Бульвар Мортье идет под уклон. Вниз, на юг. Вот как я добирался до него в то воскресенье, 28 апреля 1996 года: по улице Архивов. По улице Бретань; По улице Фий-де-Кальвер. Потом вверх по улице Оберкампф, там жила дна.
   Справа открывается просвет, ряд деревьев тянется вдоль улицы Пиренеев. Улица Менильмонтан. Высокие корпуса дома 140 под ярким солнцем выглядели пустыми. В конце улицы Сен-Фарго мне показалось, будто я иду через заброшенную деревню.
   Бульвар Мортье обсажен платанами. Там, где он кончается, у самой заставы Лила, все еще стоят здания казармы Турель.
   Бульвар в то воскресенье был пуст и погружен в такое глубокое безмолвие, что я слышал, как тихонько шелестят платаны. Бывшая казарма Турель окружена высокой стеной, за которой не видно корпусов. Я пошел вдоль этой стены. Увидел на ней табличку и прочел:
   ВОЕННАЯ ЗОНА СНИМАТЬ И ФОТОГРАФИРОВАТЬ ЗАПРЕЩЕНО
   Мне подумалось: никто ничего не помнят. По ту сторону стены лежала ничья земля, зона пустоты и забвенья. Старые казарменные корпуса не снесли, как пансион на улице Пикпюс, но какая, собственно, разница?
   И все же сквозь плотную толщу амнезии временами будто эхо пробивалось что-то далекое, приглушенное, никто не смог бы толком объяснить, что это и откуда. Это все равно что быть у магнитного поля без маятника, который уловил бы его волны. Вот и прибили, чтобы не мучили сомнения и совесть, табличку с надписью "Военная зона. Снимать и фотографировать запрещено".
   Помню, в двадцать лет в другом районе Парижа я испытал однажды такое же чувство пустоты, как у стены казармы Турель, еще не зная, в чем его истинная причина.
   У меня тогда была подружка, которая постоянно жила по знакомым, в пустующих квартирах и загородных домах. Я же всякий раз, пользуясь случаем, изымал из хозяйских библиотек книги по искусству и редкие издания, которые потом продавал. Как-то раз в квартире на улице Регар, где мы были одни, я украл старую музыкальную шкатулку, а затем, порывшись в шкафах, извлек несколько очень элегантных костюмов, рубашки и десяток пар шикарных туфель. Чтобы продать все это, я отыскал в справочнике адрес старьевщика - на улице Жарден-Сен-Поль.

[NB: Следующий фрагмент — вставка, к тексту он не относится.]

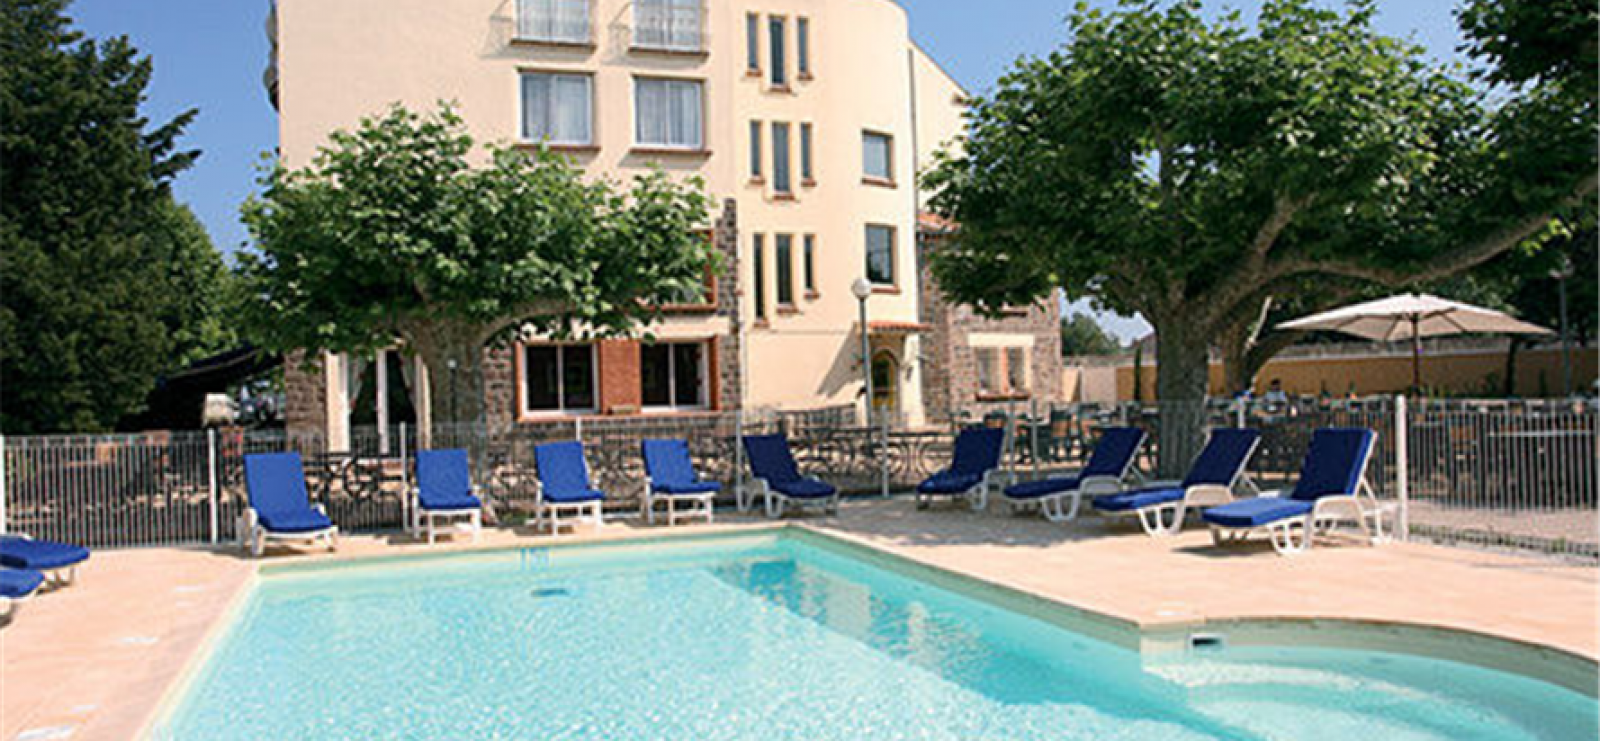 Village club vacanciel de Port fréjus

   Эта улица начинается от Сены, от набережной Целестинцев, и сливается с улицей Карла Великого недалеко от лицея, где я годом раньше сдавал экзамены. В подвальном окне одного из домов в конце улицы, немного не доходя до улицы Карла Великого, я увидел наполовину поднятую ржавую железную штору. Вошел и оказался на складе, где были свалены вперемешку мебель, одежда, металлолом, автомобильные запчасти. Навстречу мне вышел мужчина лет сорока и очень любезно согласился прийти за "товаром", куда я скажу, через несколько дней.

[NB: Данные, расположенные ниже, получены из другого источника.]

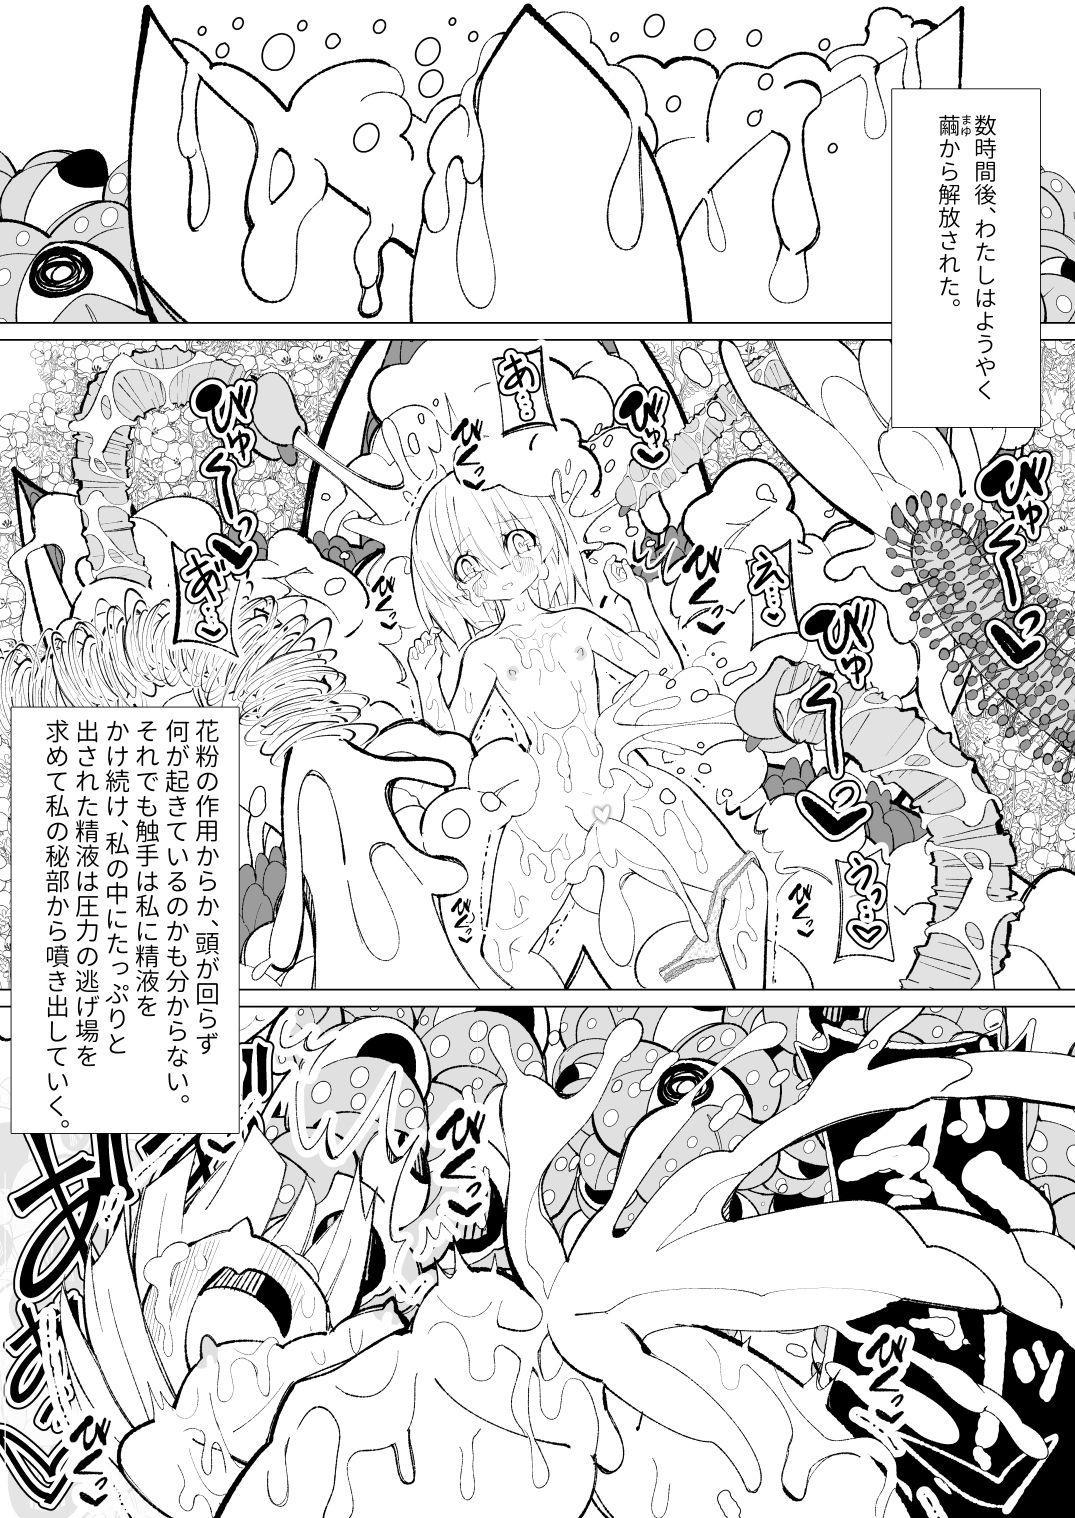 Ishu kan fūzoku-gai3 shokubutsu shokushu × rori 59

   Попрощавшись с ним, я пошел по улице Жарден-Сен-Поль к Сене. Все дома по нечетной стороне улицы незадолго до того были снесены. И дома позади них тоже. На их месте остался пустырь, окруженный остатками стен полуразрушенных зданий. На этих стенах под открытым небом еще можно было разглядеть клочки обоек, следы отопительных труб. Казалось, будто на квартал сбросили бомбу, и ощущение пустоты усиливалось еще оттого, что в образовавшийся просвет была видна Сена.
   В следующее воскресенье старьевщик приехал к отцу моей подружки - он жил на бульваре Келлерман у заставы Жантильи, - где я назначил ему встречу, чтобы передать "товар". Он погрузил в свою машину музыкальную шкатулку, костюмы, рубашки и туфли. Заплатил мне за все семьсот тогдашних франков.

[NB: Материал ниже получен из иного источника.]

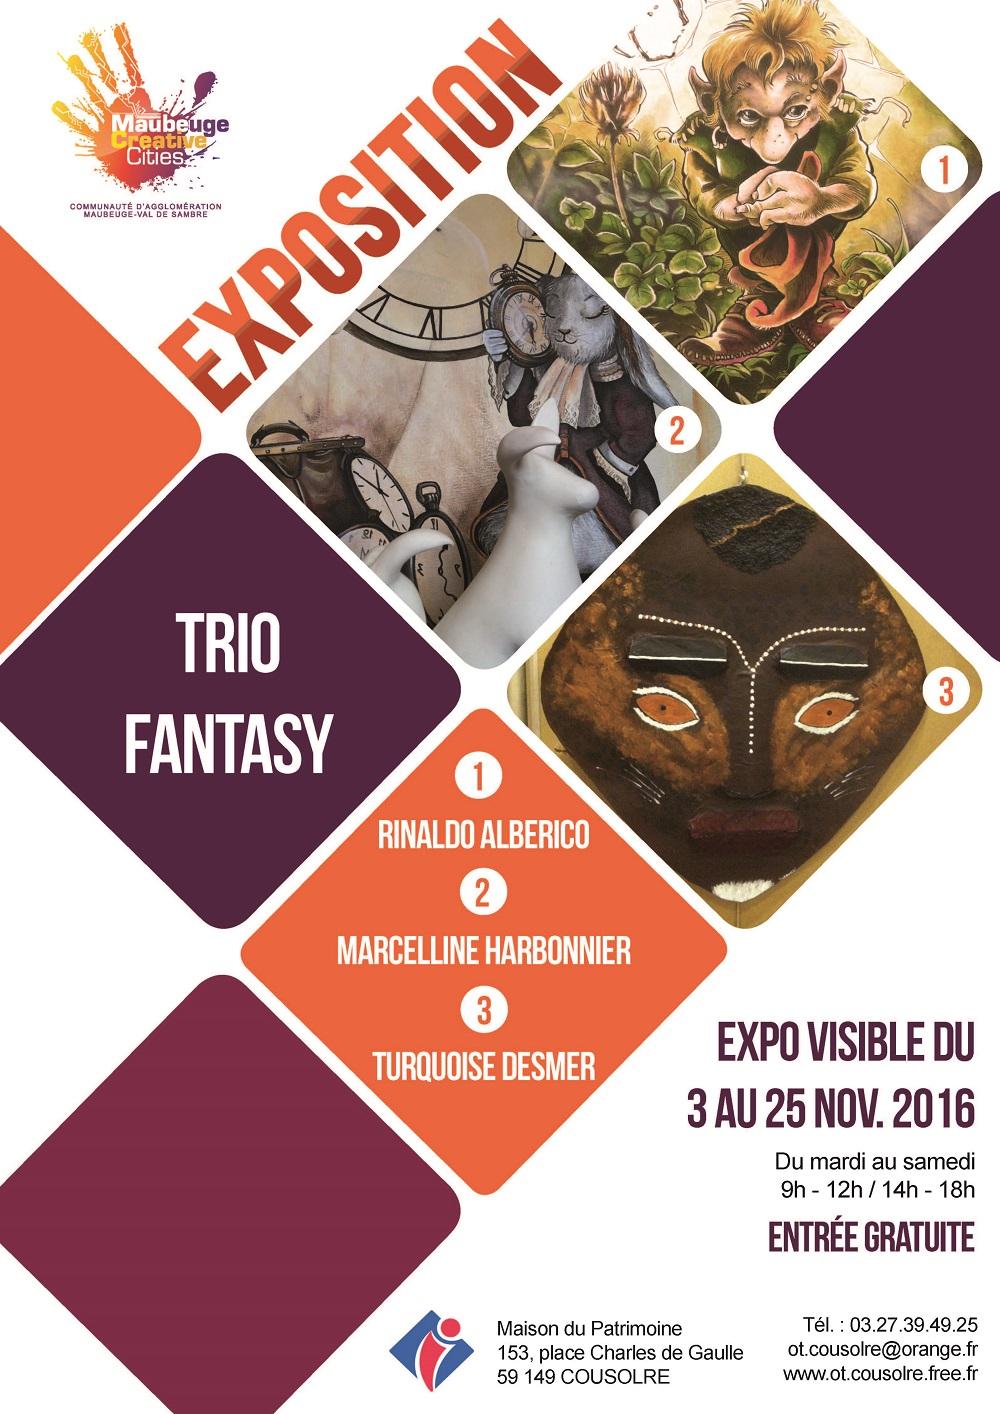 Les expositions la maison du patrimoine for Expos paris novembre 2016

   Потом он предложил мне пойти с ним куда-нибудь выпить. Мы зашли в одно из двух кафе, что напротив стадиона Шарлети.
   Он спросил меня, чем я занимаюсь. Я не знал, что ответить. В конце концов сказал просто, что бросил учебу, и сам стал его расспрашивать. Оказалось, что складом на улице Жарден-Сен-Поль управлял его родственник и компаньон. Сам он хозяйничал в другом их помещении, рядом с Блошиным рынком у заставы Клиньянкур. Он и родился в тех краях, у заставы Клиньянкур, в семье польских евреев.
   Я первым заговорил о войне и оккупации. Ему было в то время восемнадцать лет. Он помнил, как однажды в субботу полиция устроила облаву на евреев на Блошином рынке в Сент-Уане, и ему чудом удалось ускользнуть. Его поразило тогда, что среди полицейских была женщина.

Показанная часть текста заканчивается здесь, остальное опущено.